Dataset excerpt:
>>>

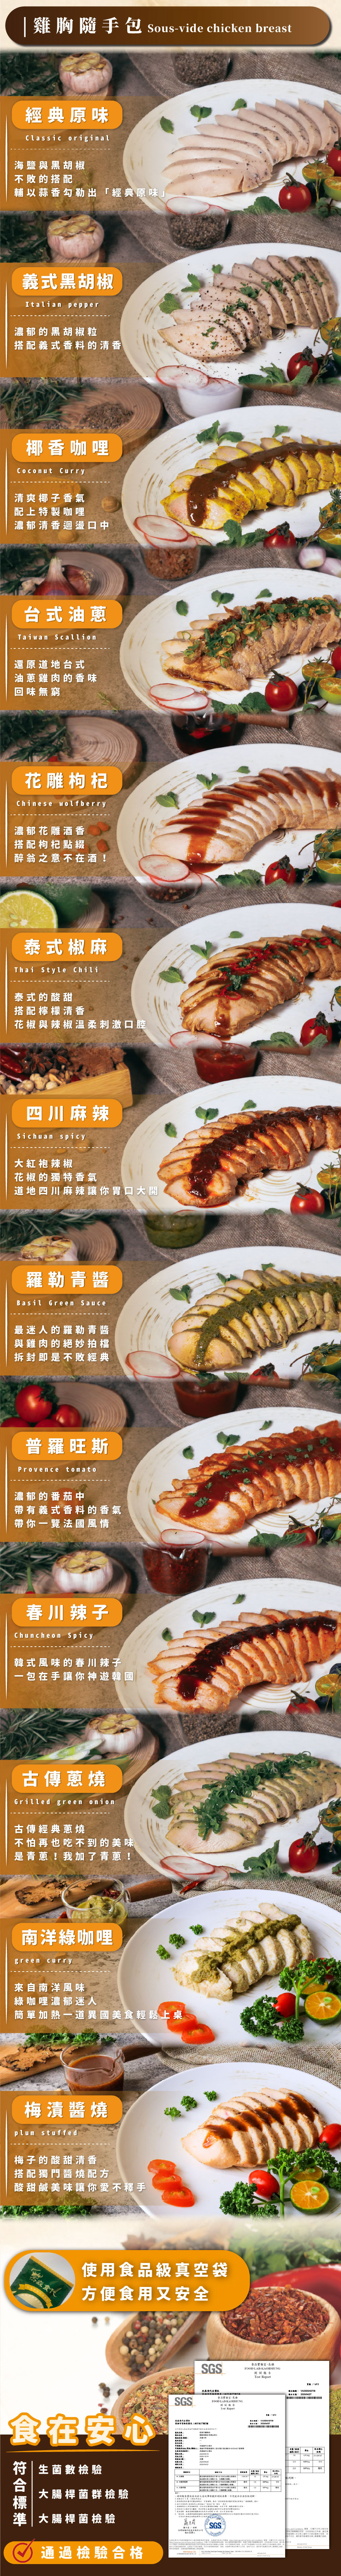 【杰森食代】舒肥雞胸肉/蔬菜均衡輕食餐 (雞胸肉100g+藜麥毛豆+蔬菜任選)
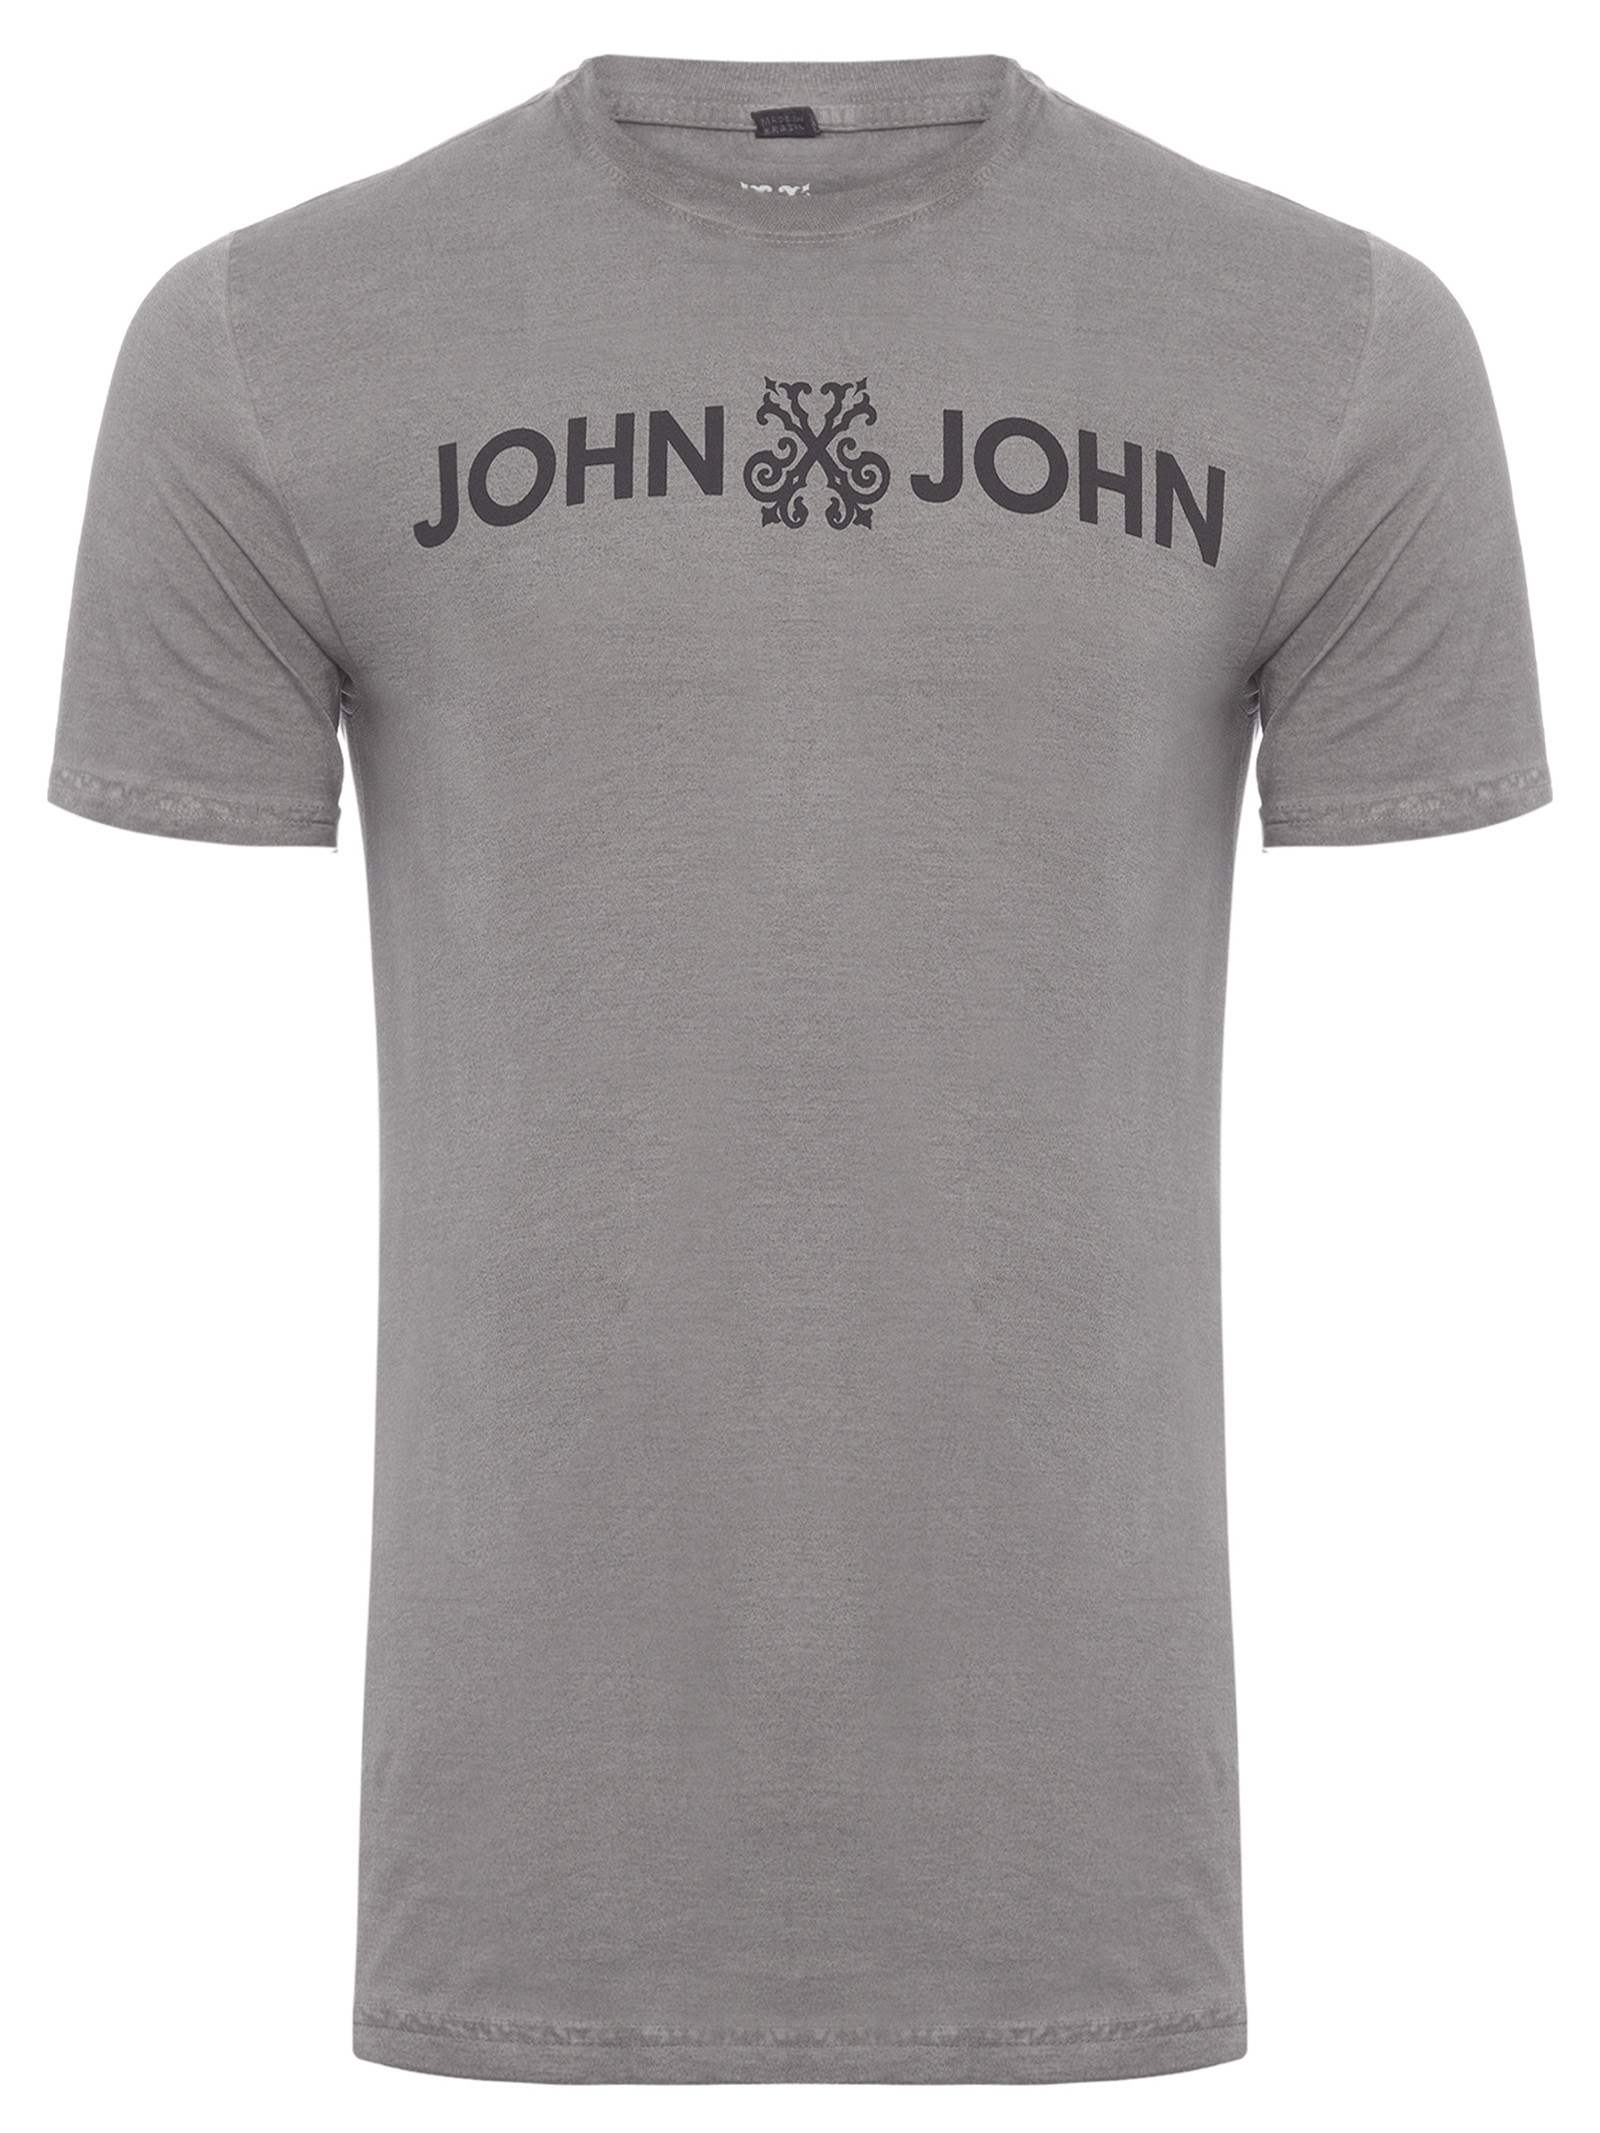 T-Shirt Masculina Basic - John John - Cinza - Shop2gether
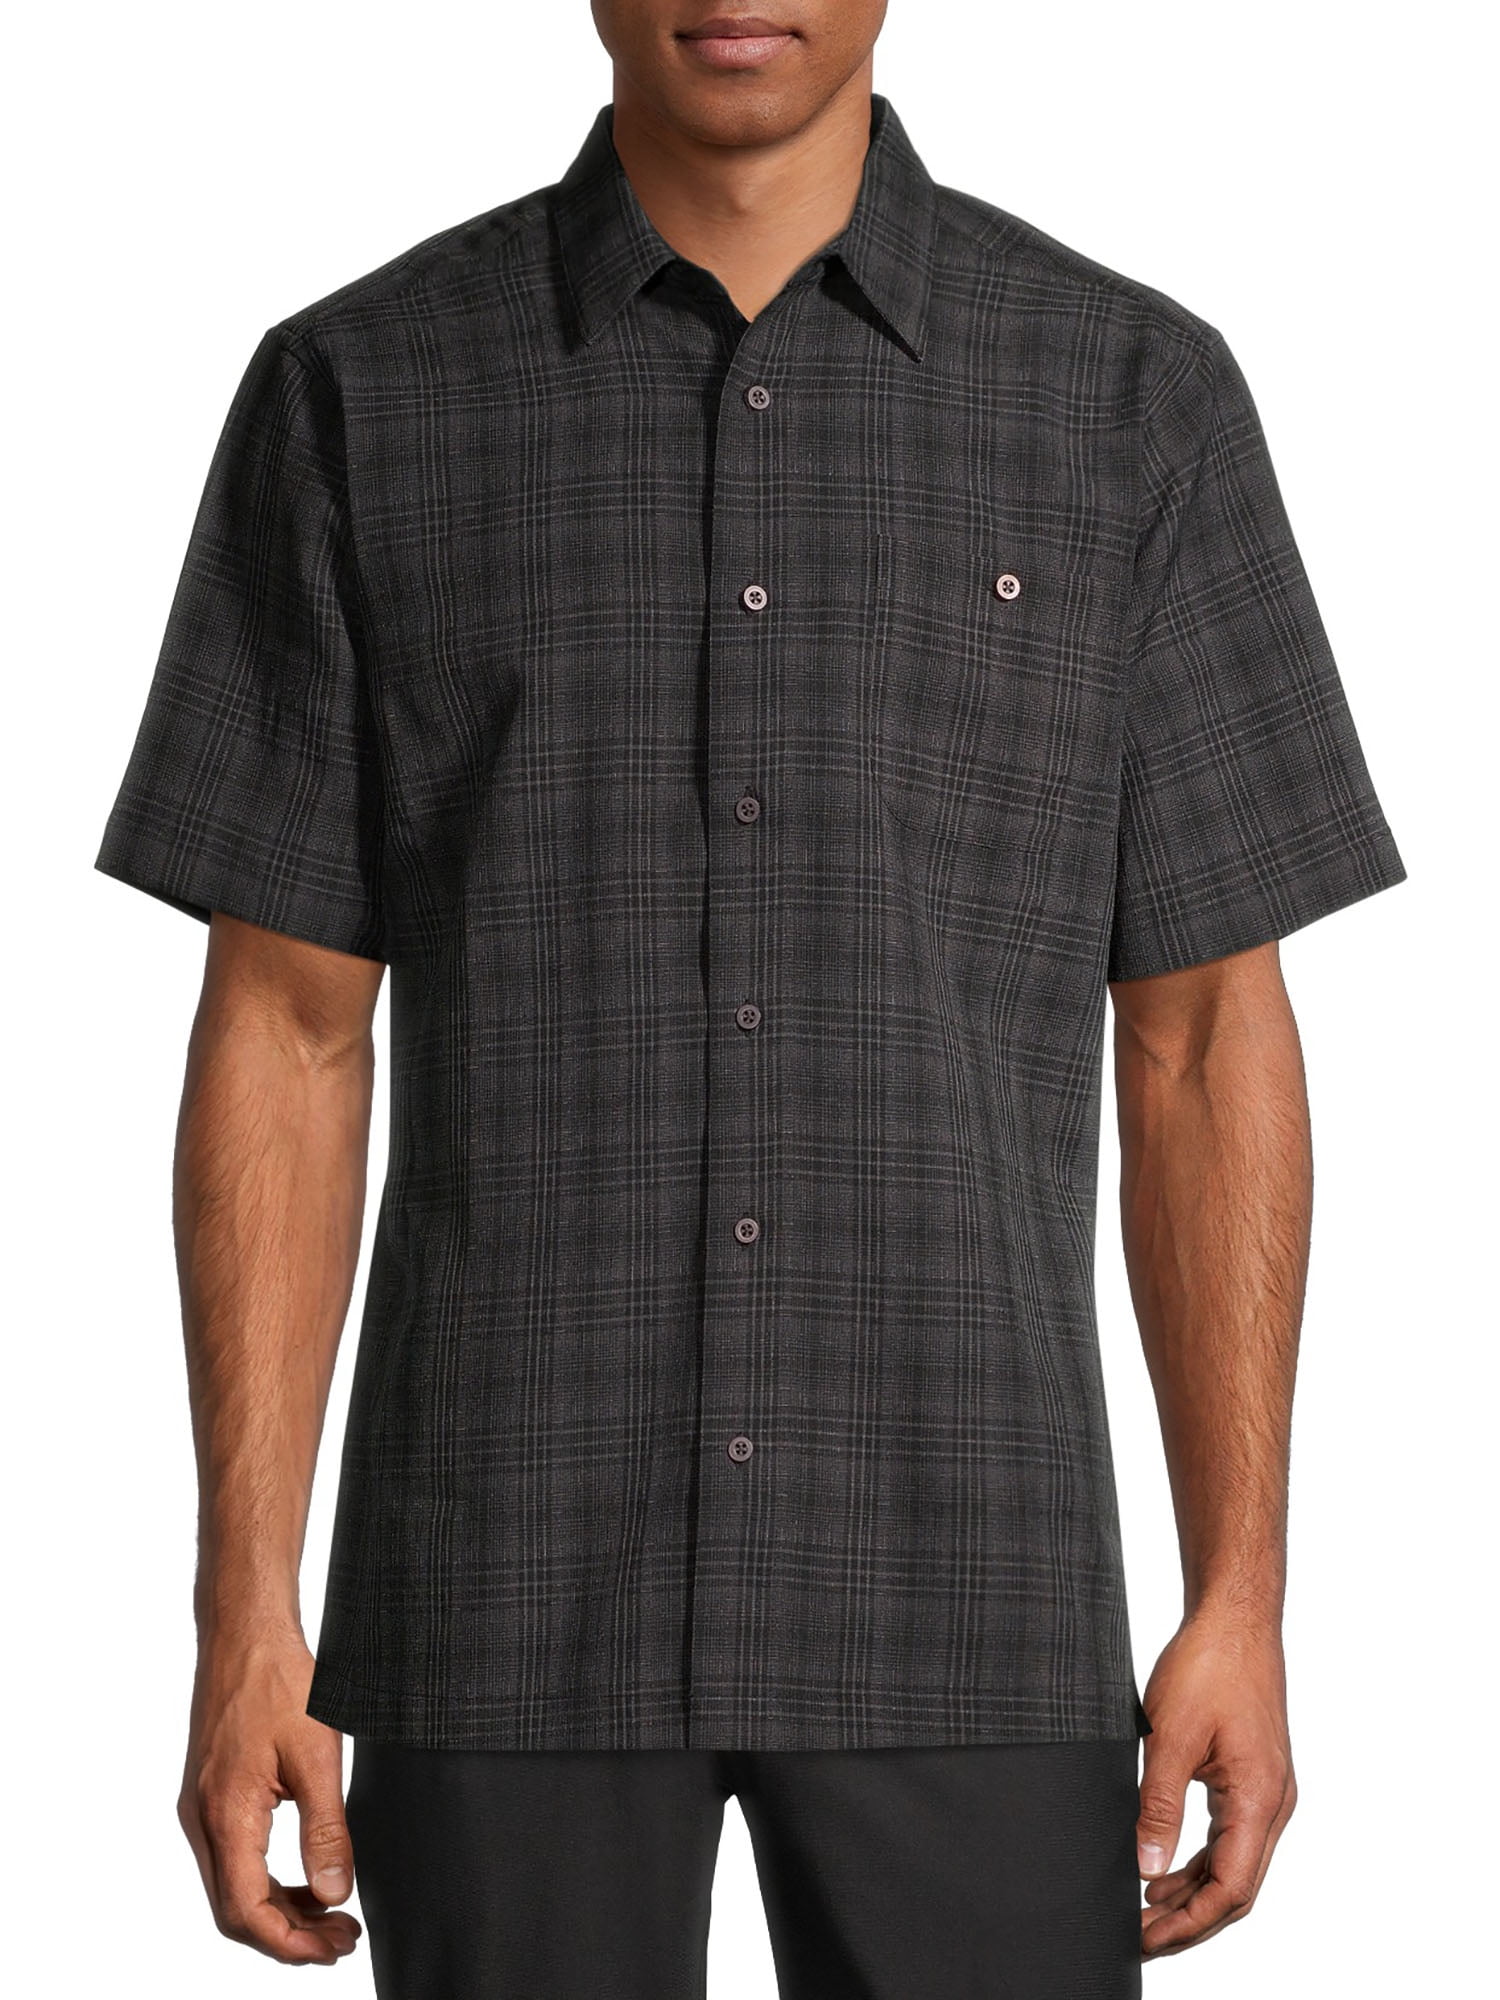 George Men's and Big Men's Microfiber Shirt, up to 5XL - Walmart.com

<<<

Directions:
Return the data exactly. Pictures stay out.

Expected answer:
 【杰森食代】舒肥雞胸肉/蔬菜均衡輕食餐 (雞胸肉100g+藜麥毛豆+蔬菜任選)
 T-Shirt Masculina Basic - John John - Cinza - Shop2gether
 George Men's and Big Men's Microfiber Shirt, up to 5XL - Walmart.com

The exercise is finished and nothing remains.